Мне очень COMODO понравился.XSpider не увидел ничего вообще! Мне кажется по сравнению с OUTPOSTом 3.51 он понадежней будет хоть и функций в COMODO поменьше.

----------


## drongo

А для корректности лучше последние версий сравнивать обоих программ  :Smiley: 
Версия: 4.0 (971.584.079)

----------


## barsukRed

Я считаю,что для домашних компьютеров софт должен быть исключительно бесплатным.Мне кажется это принципиально важно.Что об Outpost 4-тут я не одинок во мнении что сыровата прога(пусть не обижаются разработчики) Сравнивать бесплатное с платным ,не совсем вежливо(по отношению к ребятам из COMODO)мне кажется.Вот если бы денег за нее не брали- можно было бы и радоваться,не сочтите меня ворчуном.

----------


## IgorA

Выход новой версии 2.4.* переносится на 11 января.
http://forums.comodo.com/index.php/topic,2634.0.html

----------


## taloran

Жаль, но  пускай  лучше  доработают.Беты  глючные :Sad:

----------


## barsukRed

Это точно!Бета во время работы SpyBotS&D выдает ошибку-пришлось вернутся к 2.3.6.81.(а я так радовался русификации)

----------


## Ego1st

Релиз перенесли на 18 января..

----------


## barsukRed

Заметил за comodo такую штуку:создаешь правило для какой-нибудь проги,указываешь мать,порт и т.д. И вдруг, во время работы этой проги в инете,выскакивает алерт на ту-же мать,порт и т.д...Замечено, что после создания правил вручную нужно выгрузить comodo и опять запустить,тогда алерта на набранное правило не будет.Это глюк такой? Никто с этим не сталкивался?

----------


## CENT

Скачал то что сейчас у них на сайте висит , установил и бах  процессор загружен  на 100%,отключил комодо ,все в норме. Сталкивались с таким?

----------


## barsukRed

> Скачал то что сейчас у них на сайте висит , установил и бах  процессор загружен  на 100%,отключил комодо ,все в норме. Сталкивались с таким?

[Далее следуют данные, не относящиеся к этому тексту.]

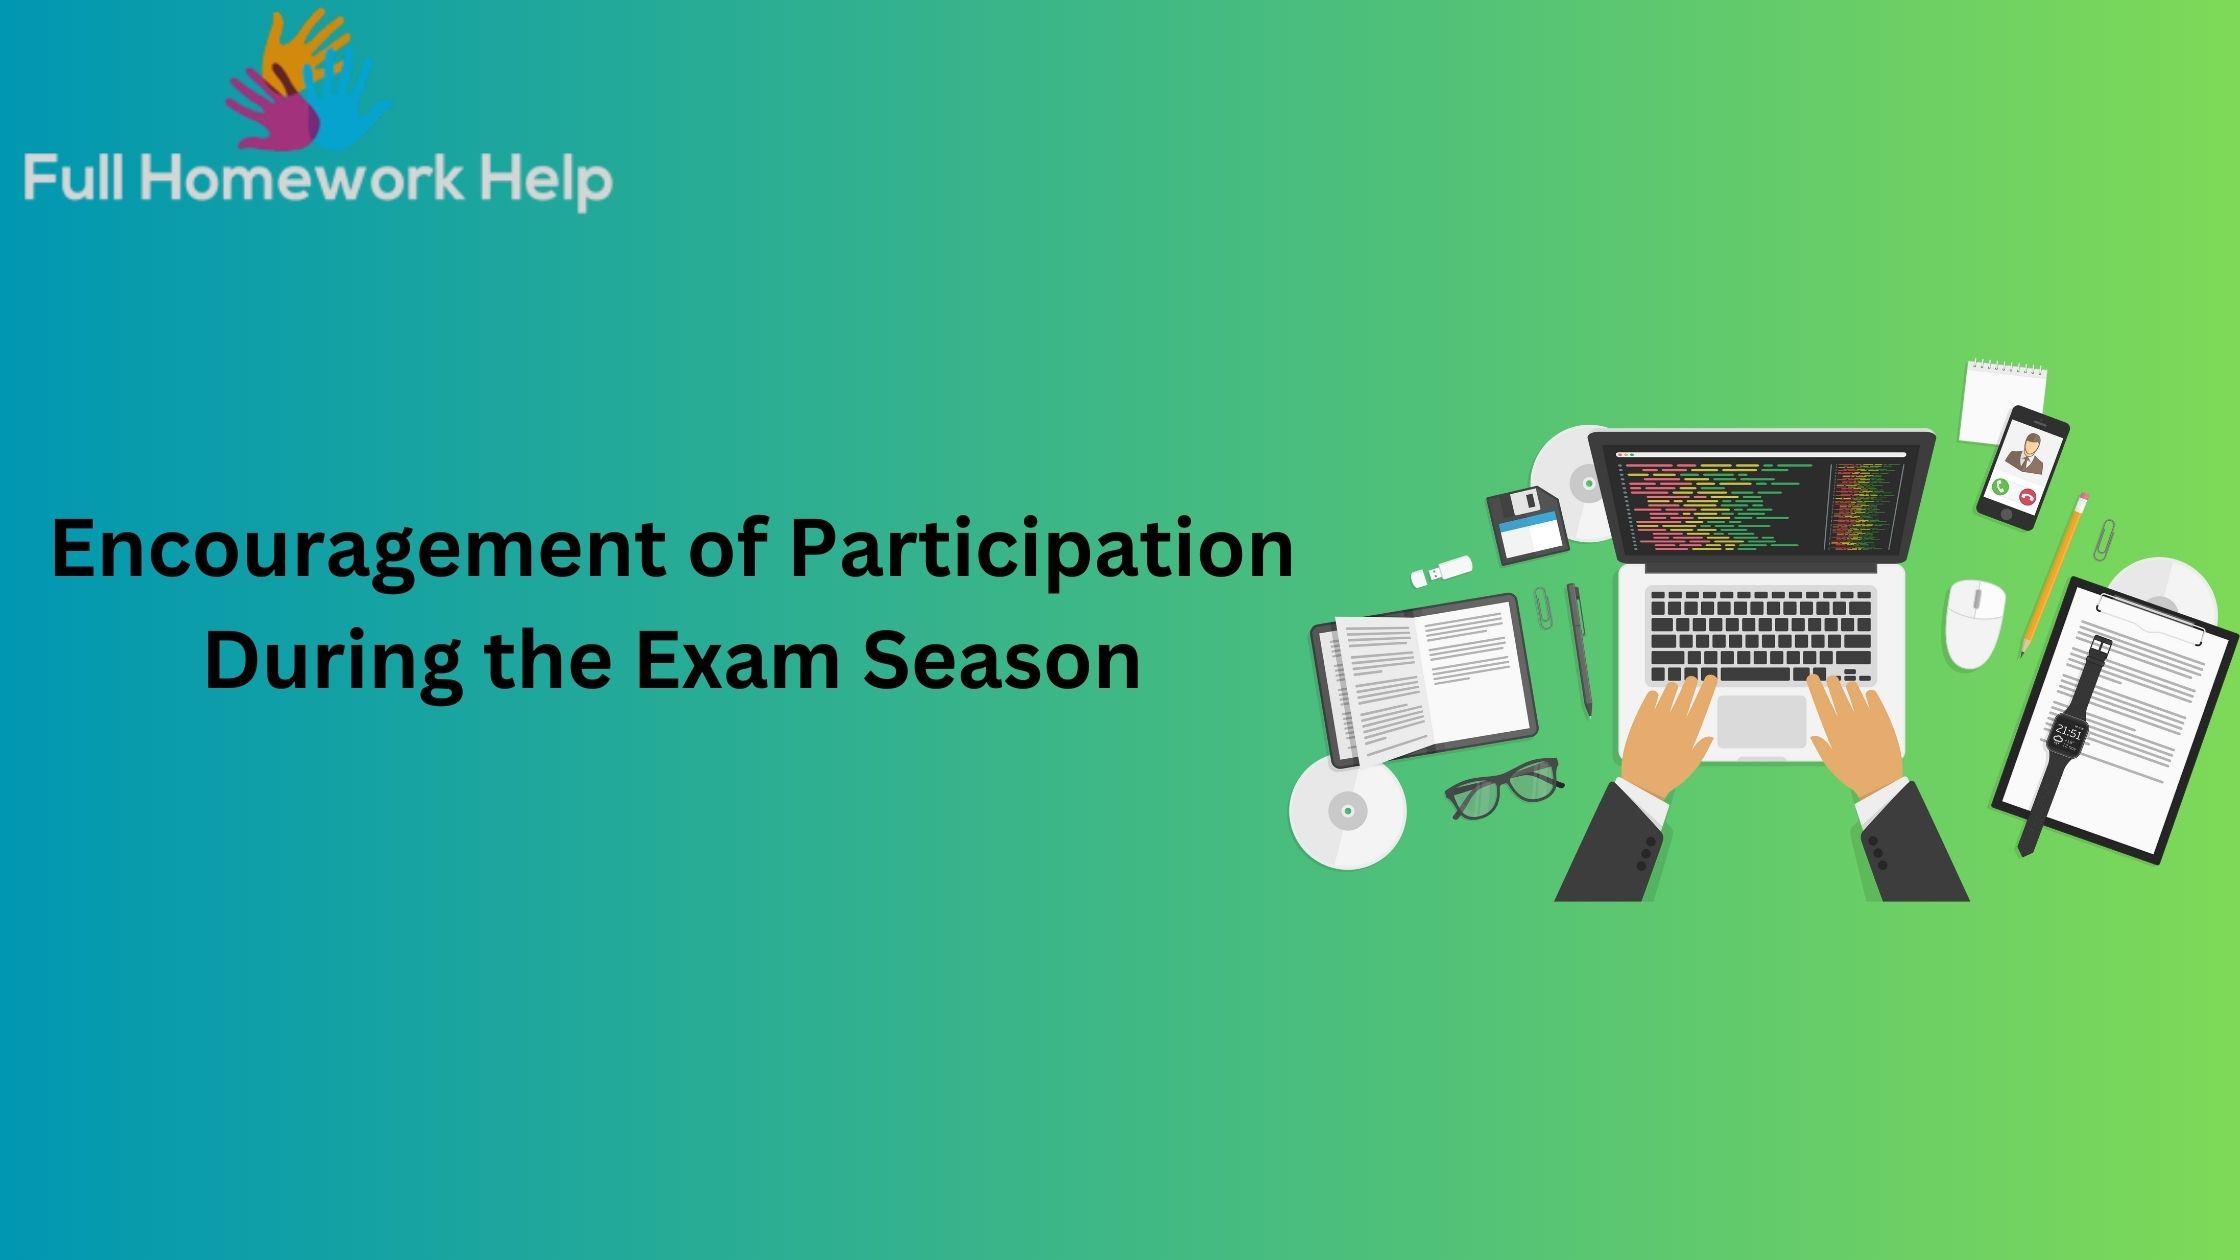 Encouragement of Participation During the Exam Season
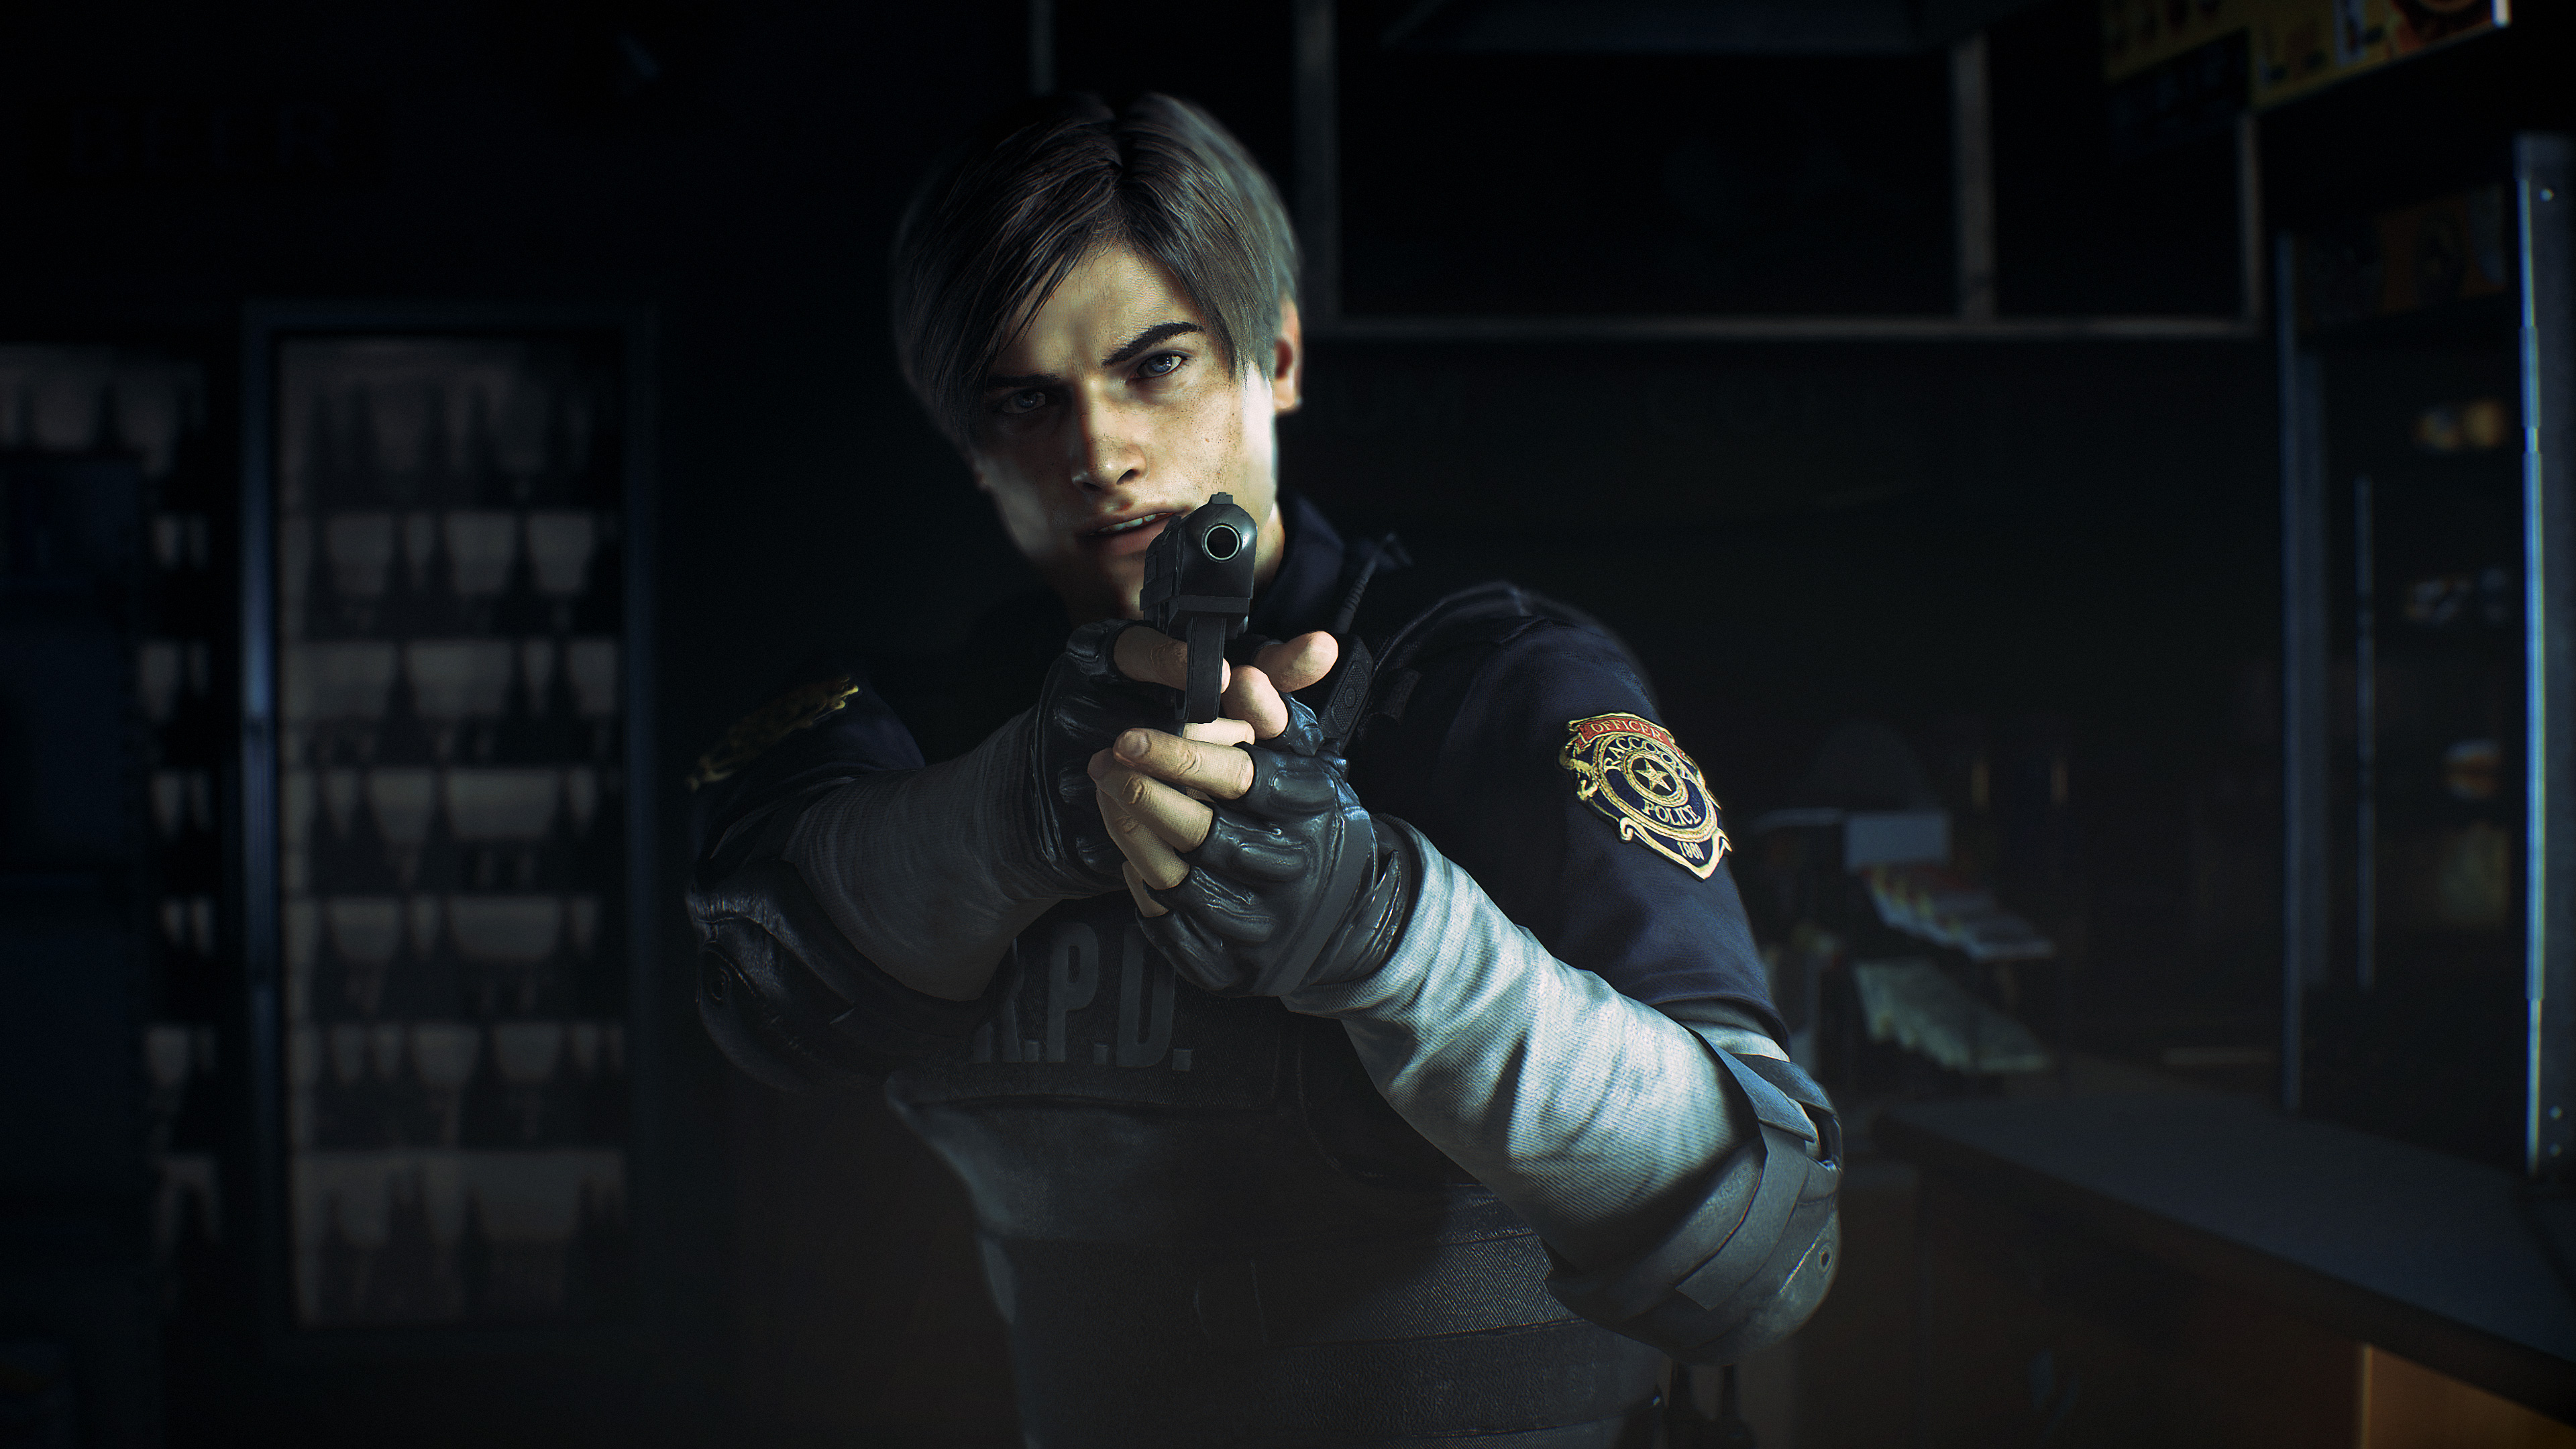 Leon Kennedy In Resident Evil 2 2019 4k, HD Games, 4k Wallpapers, Images,  Backgrounds, Photos and Pictures

 С comodo моя машина работает хорошо,а вот с другими...Sygate загружал проц,ZoneAlarm5 не запускался. может у Вас от старого фаера в системе следы остались?

----------


## Ego1st

Товарищи, вы бы не тут отписывали, а у них на форуме, русско-говорящий товарищь из их команды там сидит, воозможно исправят всё что вы тут говорите, а то тут толку от ваших разговоров маловато..

----------


## SDA

http://www.matousec.com/projects/win...ts-results.php
comodo один из первых.

----------


## Ego1st

Ну вот и первый релиз на русском языке.. 
http://download.comodo.com/cpf/downl...2.4.16.174.exe

----------


## sergey_gum

В версии 2.4 наблюдаются небольшие ошибки в русской локализации, в остальном фаервол работает номально......

З.Ы. Уберите кто-нибудь в названии темы версию фаервола........
...Fix

----------


## barsukRed

В связке COMODO с System Safety Monitor винда ведет себя не очень уверенно.Это связано что COMODO выполняет некоторые функции HIPS? Или это просто совпадение?

----------


## DVi

Связка с KAV6, как выяснилось, тоже неустойчива: комп подвисает.

----------


## Ego1st

> В связке COMODO с System Safety Monitor винда ведет себя не очень уверенно.Это связано что COMODO выполняет некоторые функции HIPS? Или это просто совпадение?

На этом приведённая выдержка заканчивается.